Muir Amanda B, Dods Kara, Henry Steven J, Benitez Alain J, Lee Dale, Whelan Kelly A, DeMarshall Maureen, Hammer Daniel A, Falk Gary, Wells Rebecca G, Spergel Jonathan, Nakagawa Hiroshi, Wang Mei-Lun
*Division of Gastroenterology, Hepatology, and Nutrition, The Children's Hospital of Philadelphia, PA †Department of Pediatrics, Perelman School of Medicine at the University of Pennsylvania ‡Department of Bioengineering, University of Pennsylvania §University of Pennsylvania School of Engineering and Applied Science, Philadelphia ||Division of Gastroenterology, Seattle Children's Hospital ¶Gastroenterology Division, Department of Medicine #Abramson Cancer Center, University of Pennsylvania, Philadelphia **Division of Allergy and Immunology, The Children's Hospital of Philadelphia, Philadelphia, PA.
J Pediatr Gastroenterol Nutr. 2016 Aug;63(2):200-9. doi: 10.1097/MPG.0000000000001100.
Eosinophilic esophagitis (EoE) is an immune-mediated allergic disease characterized by progressive esophageal dysmotility and fibrotic stricture associated with chronic esophageal fibroblast activation. It remains unknown how esophageal fibroblasts respond to EoE-relevant matrix stiffness or inflammatory cytokines.

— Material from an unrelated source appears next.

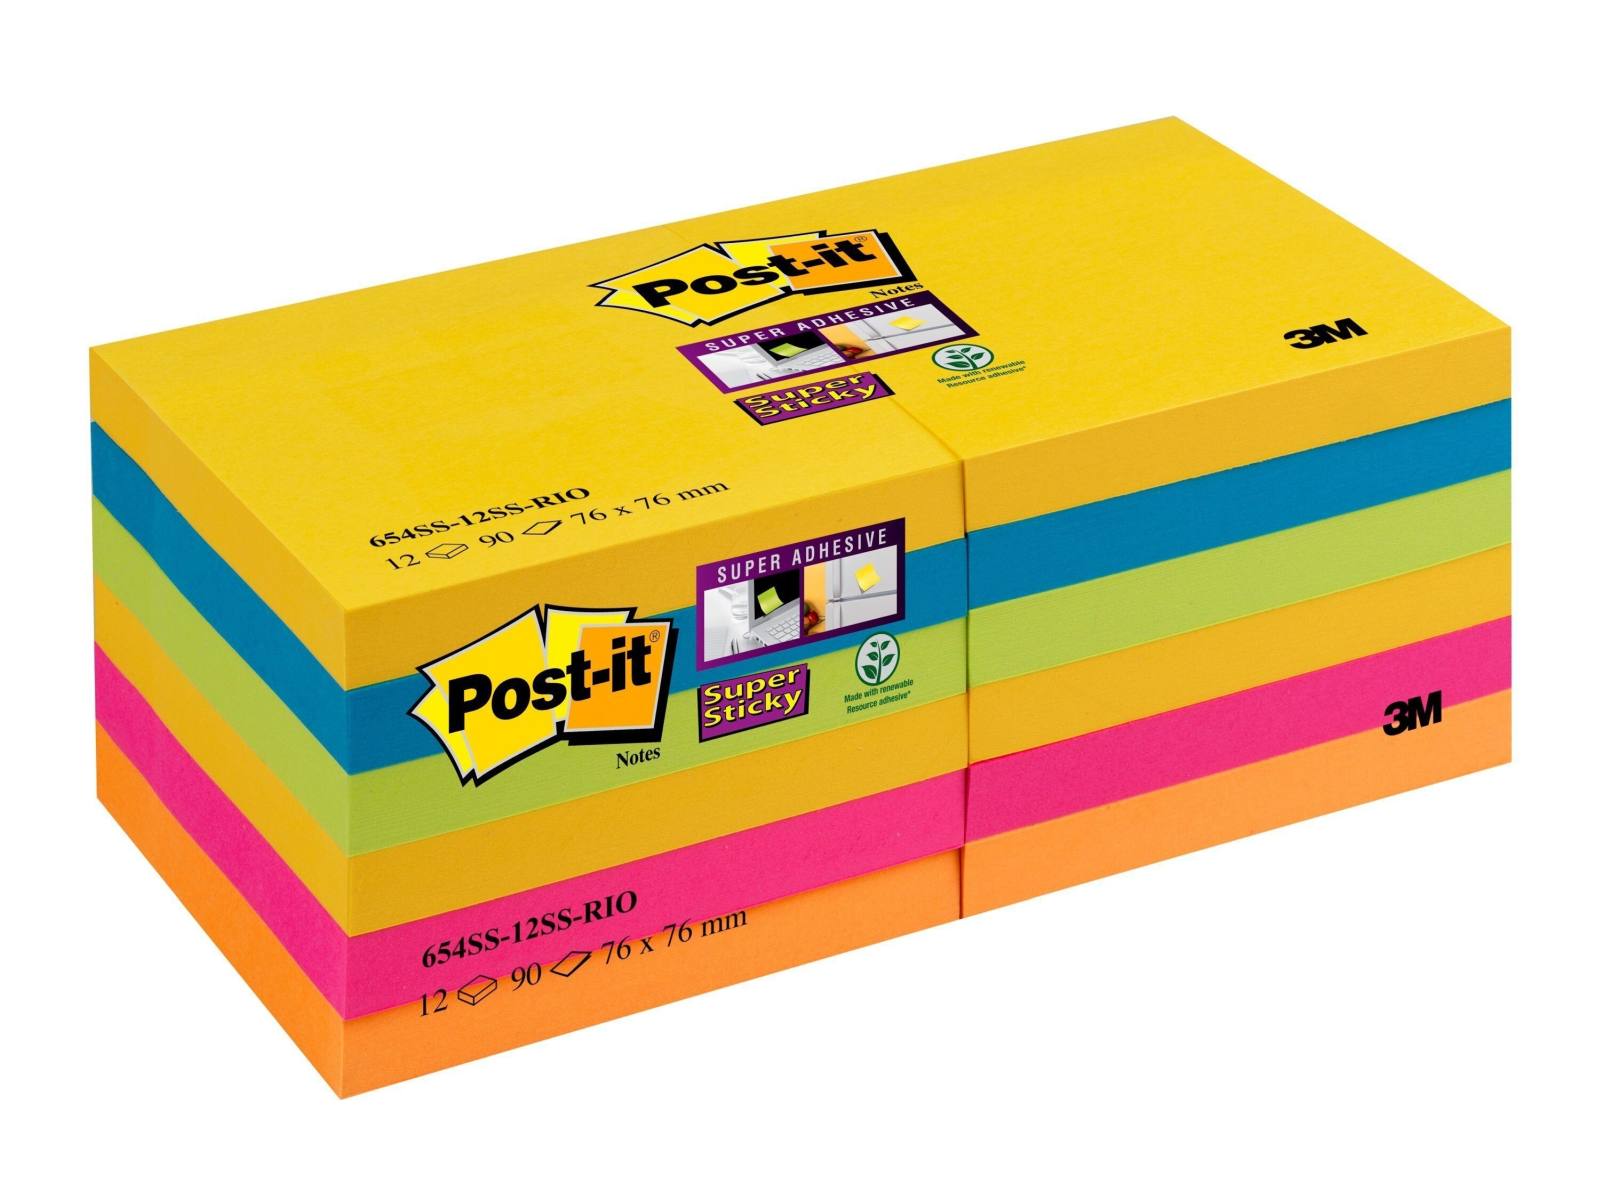 3M Post-it Super Sticky Notes 654-12SS-RIO 12 blocs de 90 feuilles chacun, collection Rio de Janeiero, 4x ultra-jaune, 2x ultra-bleu, 2x ultra-rose, 2x vert fluo, 2x orange fluo, 76 mm x 76 mm, certifié PEFC

Immunofluorescence was used to evaluate α-smooth muscle actin (α-SMA) expression in endoscopic esophageal biopsies. Primary esophageal fibroblasts from adult and pediatric patients with or without EoE were exposed to transforming growth factor (TGF)β to determine gene expression, collagen-matrix contractility, and cytoskeletal organization. The influence of matrix stiffness upon fibroblast behavior was assessed on the engineered surface of polyacrylamide gels with varying stiffness. Fibroblast traction forces were measured using microfabricated-post-array-detectors.
EoE esophageal fibroblasts had enhanced α-SMA expression. TGFβ not only stimulated enhanced fibroblast-specific gene expression but also promoted fibroblast-mediated collagen-matrix contraction, despite disease state or age of patients as the origin of cells. Unlike conventional monolayer cell, culture conditions using plastic surface (1 GPa) that activates fibroblasts constitutively, our engineered platforms recapitulating physiologically relevant stiffness (1-20 kPa) revealed that matrix stiffness defines the extent of α-SMA expression, intracellular collagen fibril organization, SMAD3 phosphorylation, and fibroblast traction force.
Matrix stiffness may critically influence TGFβ-mediated gene expression and functions of esophageal fibroblasts ex vivo independent of age and disease conditions. These findings provide a novel insight into the pathogenesis of fibrostenotic disease in EoE.
嗜酸性粒细胞性食管炎(EoE)是一种免疫介导的过敏性疾病,其特征为进行性食管动力障碍和与慢性食管成纤维细胞活化相关的纤维化狭窄。目前尚不清楚食管成纤维细胞如何对与EoE相关的基质硬度或炎性细胞因子作出反应。
采用免疫荧光法评估内镜下食管活检组织中α平滑肌肌动蛋白(α-SMA)的表达。将成年和儿科EoE患者及非EoE患者的原代食管成纤维细胞暴露于转化生长因子(TGF)β,以确定基因表达、胶原基质收缩性和细胞骨架组织。在具有不同硬度的聚丙烯酰胺凝胶工程表面上评估基质硬度对成纤维细胞行为的影响。使用微制造的柱阵列检测器测量成纤维细胞的牵引力。
EoE食管成纤维细胞的α-SMA表达增强。TGFβ不仅刺激成纤维细胞特异性基因表达增强,还促进成纤维细胞介导的胶原基质收缩,无论细胞来源患者的疾病状态或年龄如何。与使用塑料表面(1 GPa)持续激活成纤维细胞的传统单层细胞培养条件不同,我们模拟生理相关硬度(1-20 kPa)的工程平台显示,基质硬度决定了α-SMA表达程度、细胞内胶原纤维组织、SMAD3磷酸化及成纤维细胞牵引力。
基质硬度可能在体外对TGFβ介导的食管成纤维细胞基因表达和功能产生关键影响,且与年龄和疾病状况无关。这些发现为EoE纤维化狭窄疾病的发病机制提供了新见解。